Frequently asked questions

Q01Will the convergence settle on one vendor, or several?
Likely several, segmented by ecosystem. Apple's assistant for the Apple ecosystem; Google's for Android and Workspace; OpenAI and Anthropic competing for the cross-platform layer; Microsoft for the enterprise stack. The market shape will mirror the operating-system shape, not collapse to a single global winner.
Q02What about open-source assistants?
There's a real but smaller path here. Self-hosted projects like PAI, open-source MCP tooling, and local-first assistants on commodity hardware all exist and are improving. The audience is technical hobbyists rather than the mainstream consumer, but the option will remain for people who don't want the big vendors holding their context.
Q03Should I be worried about my AI assistant knowing too much about me?
Yes, in proportion to how much you give it. The practical hedge is to be selective about which integrations you turn on. Calendar and notes are low-risk; full email access is medium-risk; location and biometric data are high-risk. The convergence doesn't force you to share everything at once; you can opt in over time as the products earn trust.
Q04Is this just a rebranding of "chatbot" or something genuinely new?

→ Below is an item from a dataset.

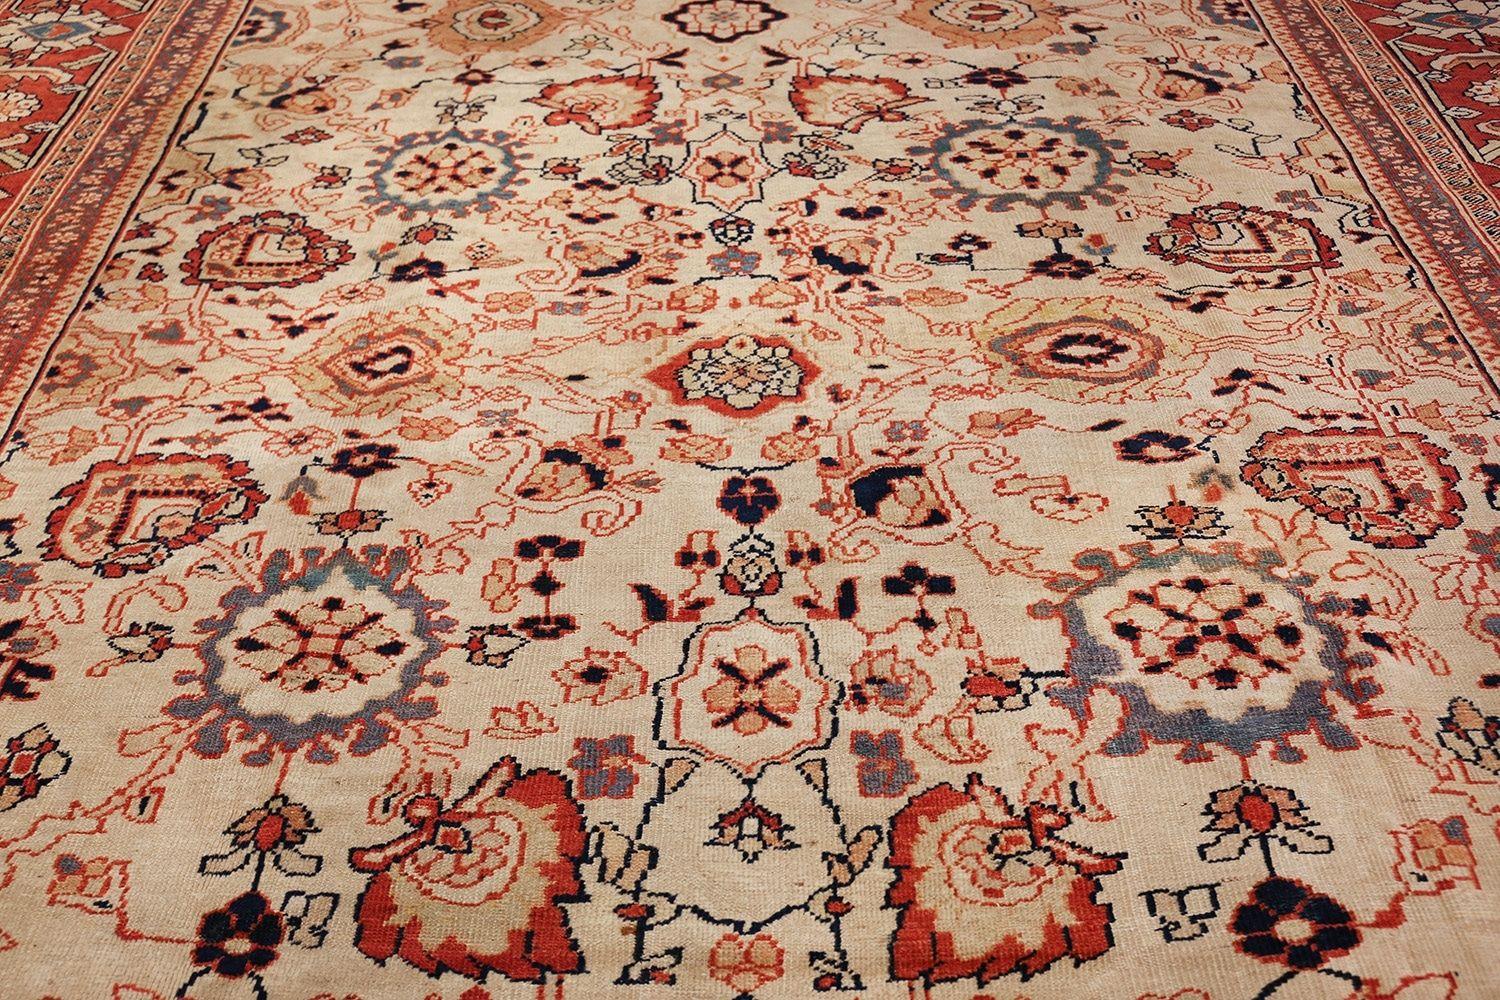 19th Century Antique Persian Sultanabad Rug. Size: 11' x 14' 4

Genuinely new in one respect: the persistence of context. A chatbot forgets you between sessions; a true assistant doesn't. That changes what kinds of questions are worth asking (long-running ones, ones that depend on what you said last month) and changes the user's relationship with the tool from "transactional" to "continuous". That shift is the substantive difference.
Q05What's the easiest first step if I want to try this?
Turn on persistent memory in ChatGPT or Claude (both offer it) and use that assistant for two weeks for everything you'd normally Google or ask a colleague. Notice when the assistant remembering past context actually helped, when it got in the way, and what it didn't have access to that it should have. The exercise will tell you more in two weeks than a year of speculation.